| Problem to work on |
Word for word, copy out the data below, omitting pictures.

| Supplied information |
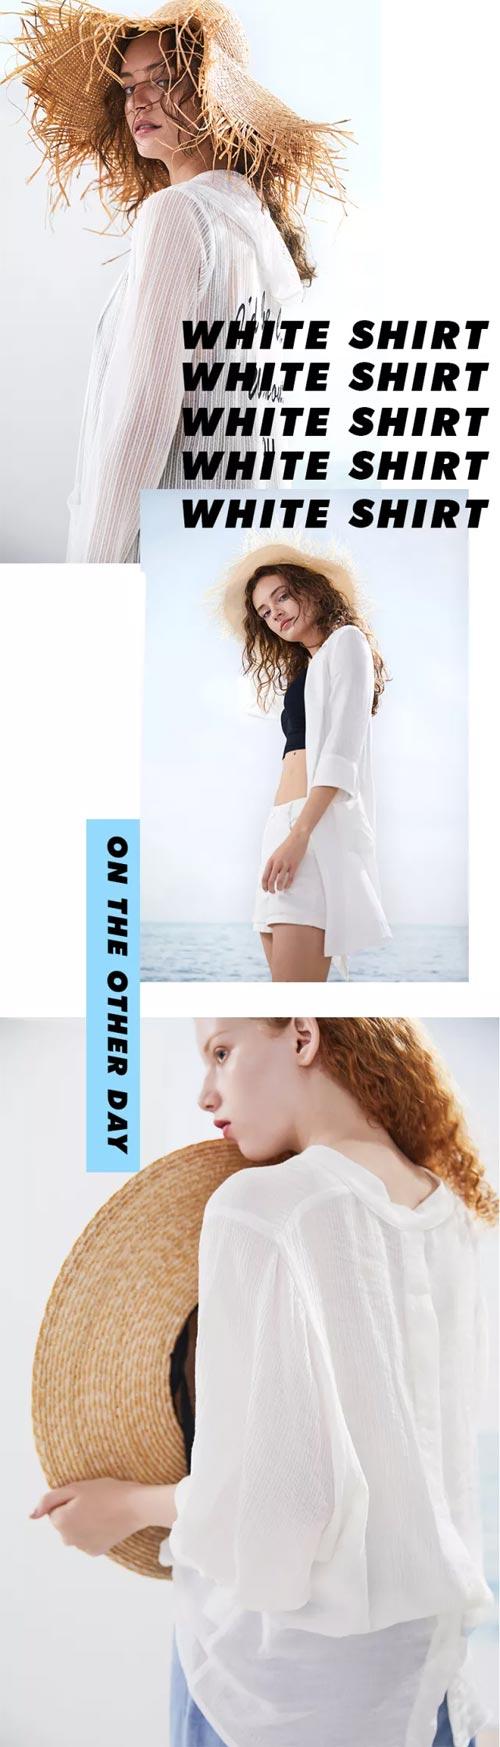 唐狮品牌服装 2018夏休闲系列清凉上市
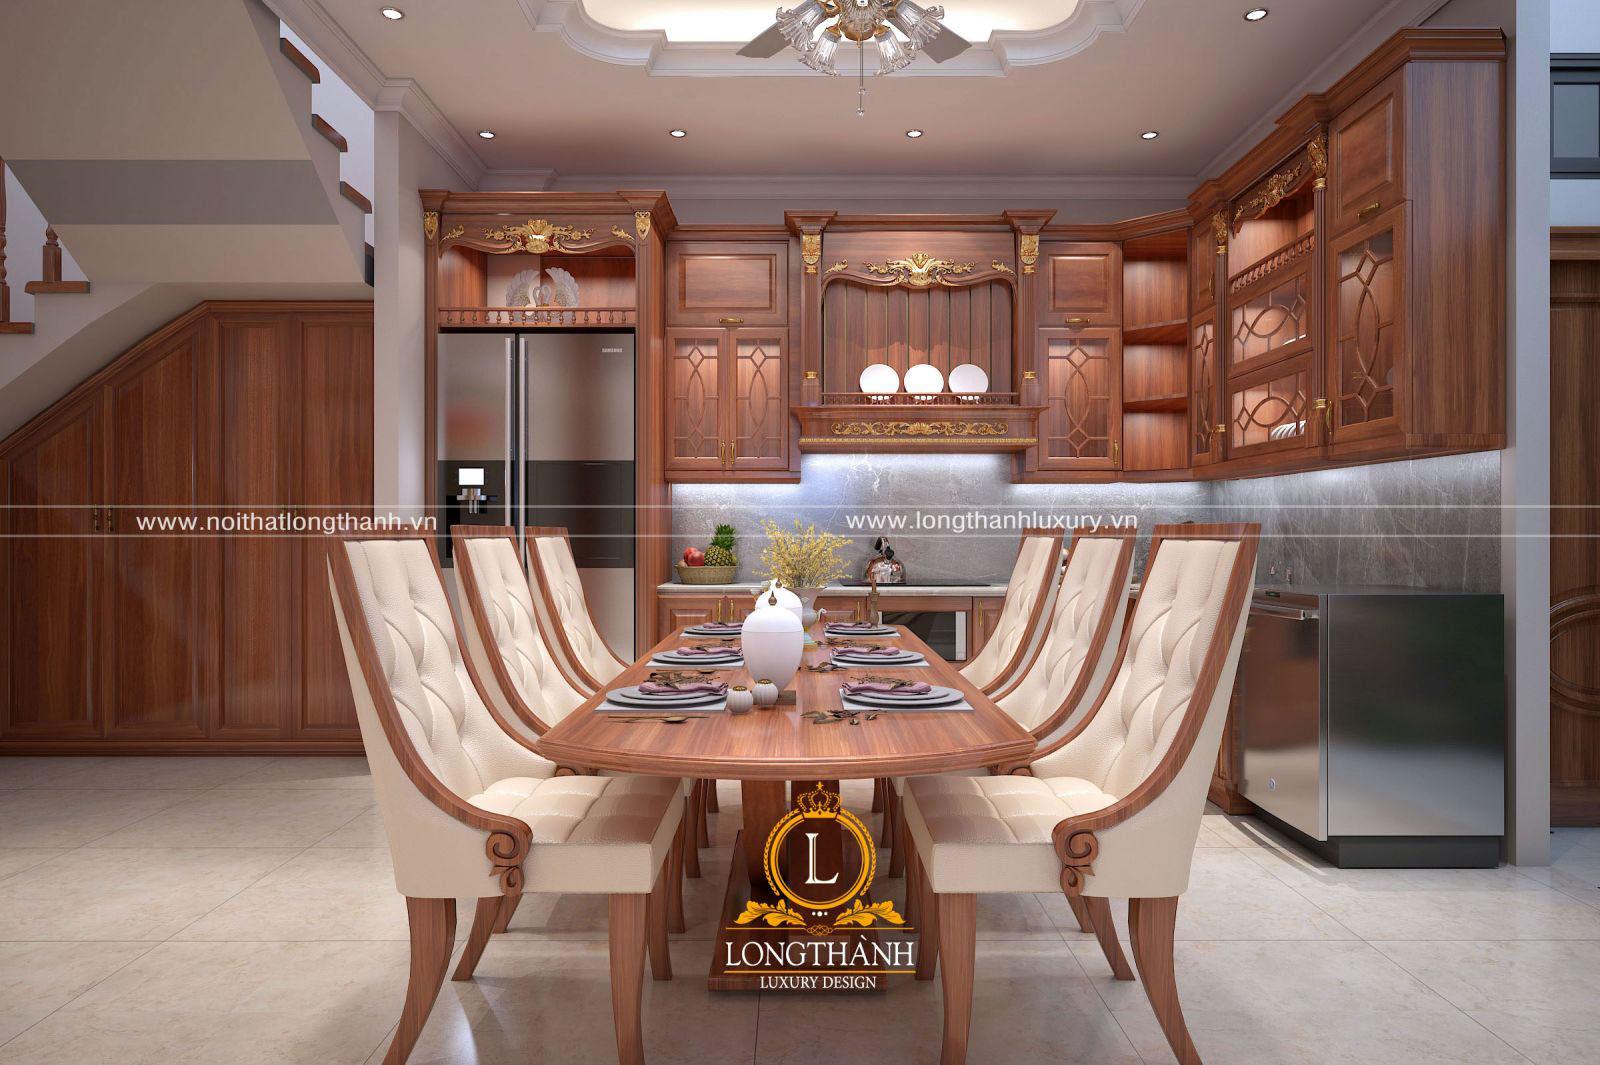 Thiết kế tủ bếp cho phòng bếp nhà rộng
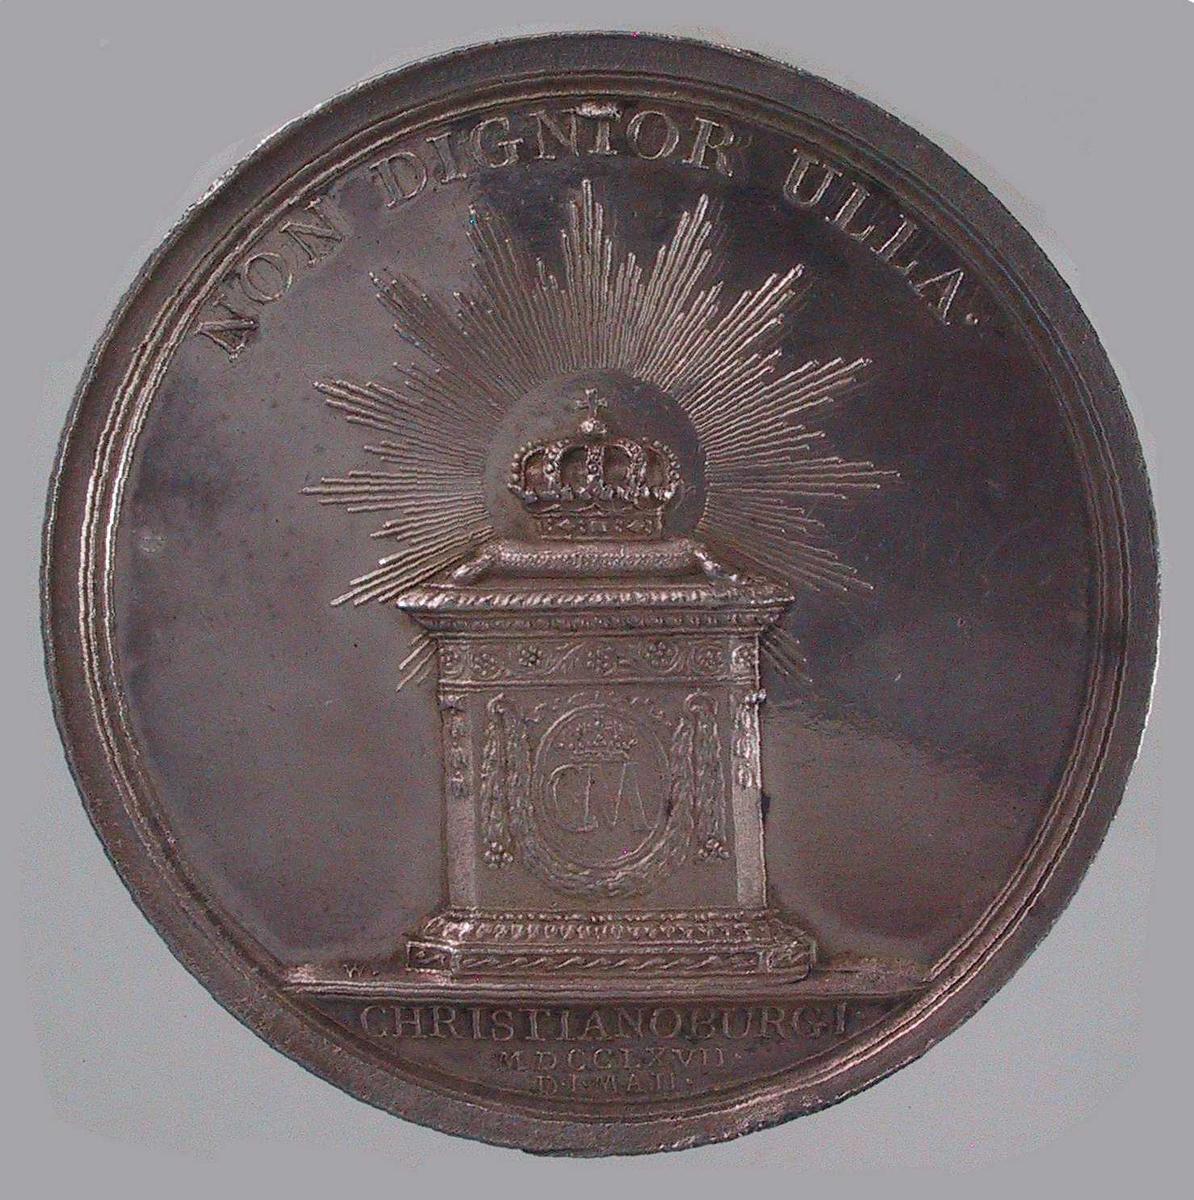 Adv. Dronningens byste.  Rev. Omstrålet krone på et alter med dronningens navnesiffer.
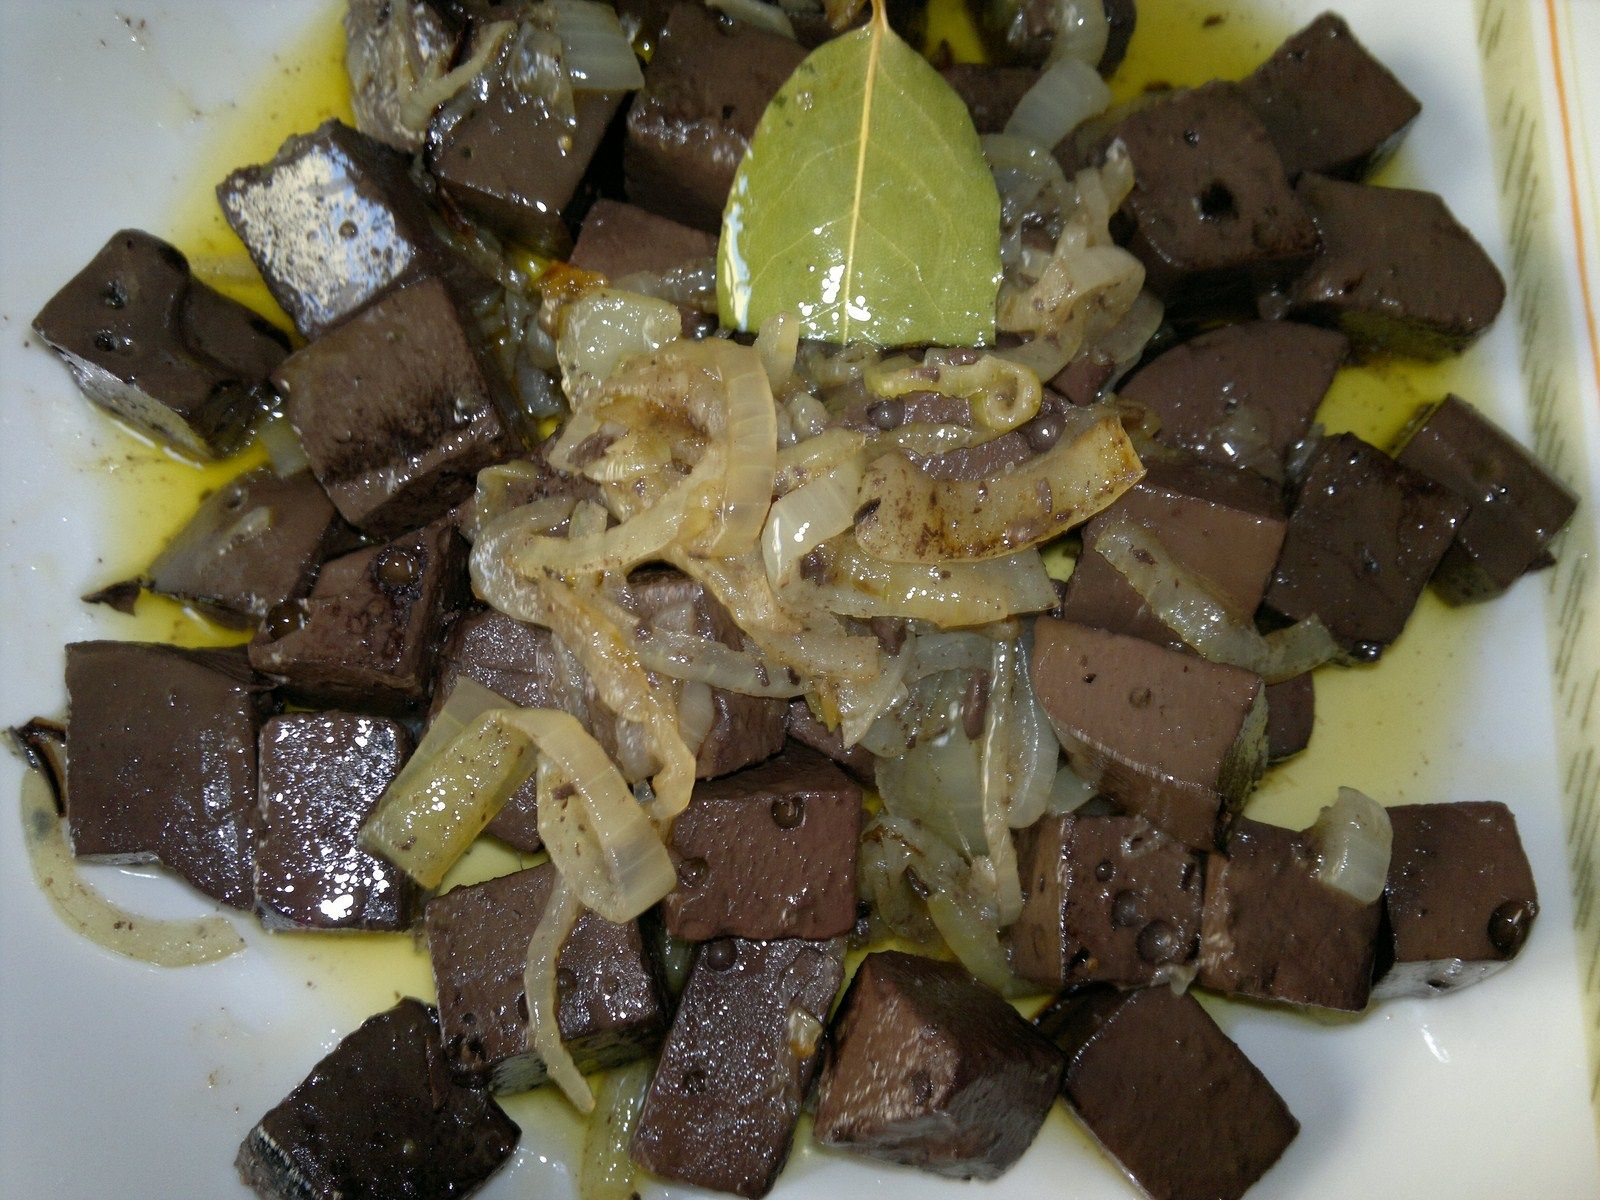 Ingredientes Para Dos Personas 500 Gr De Sangre Hervida De Pollo 3 Cebollas Grandes Medio Vaso De Recetas De Comida Casera Comida Casera Carne Con Tomate

| Answer for the task |
 唐狮品牌服装 2018夏休闲系列清凉上市
 Thiết kế tủ bếp cho phòng bếp nhà rộng
 Adv. Dronningens byste.  Rev. Omstrålet krone på et alter med dronningens navnesiffer.
 Ingredientes Para Dos Personas 500 Gr De Sangre Hervida De Pollo 3 Cebollas Grandes Medio Vaso De Recetas De Comida Casera Comida Casera Carne Con Tomate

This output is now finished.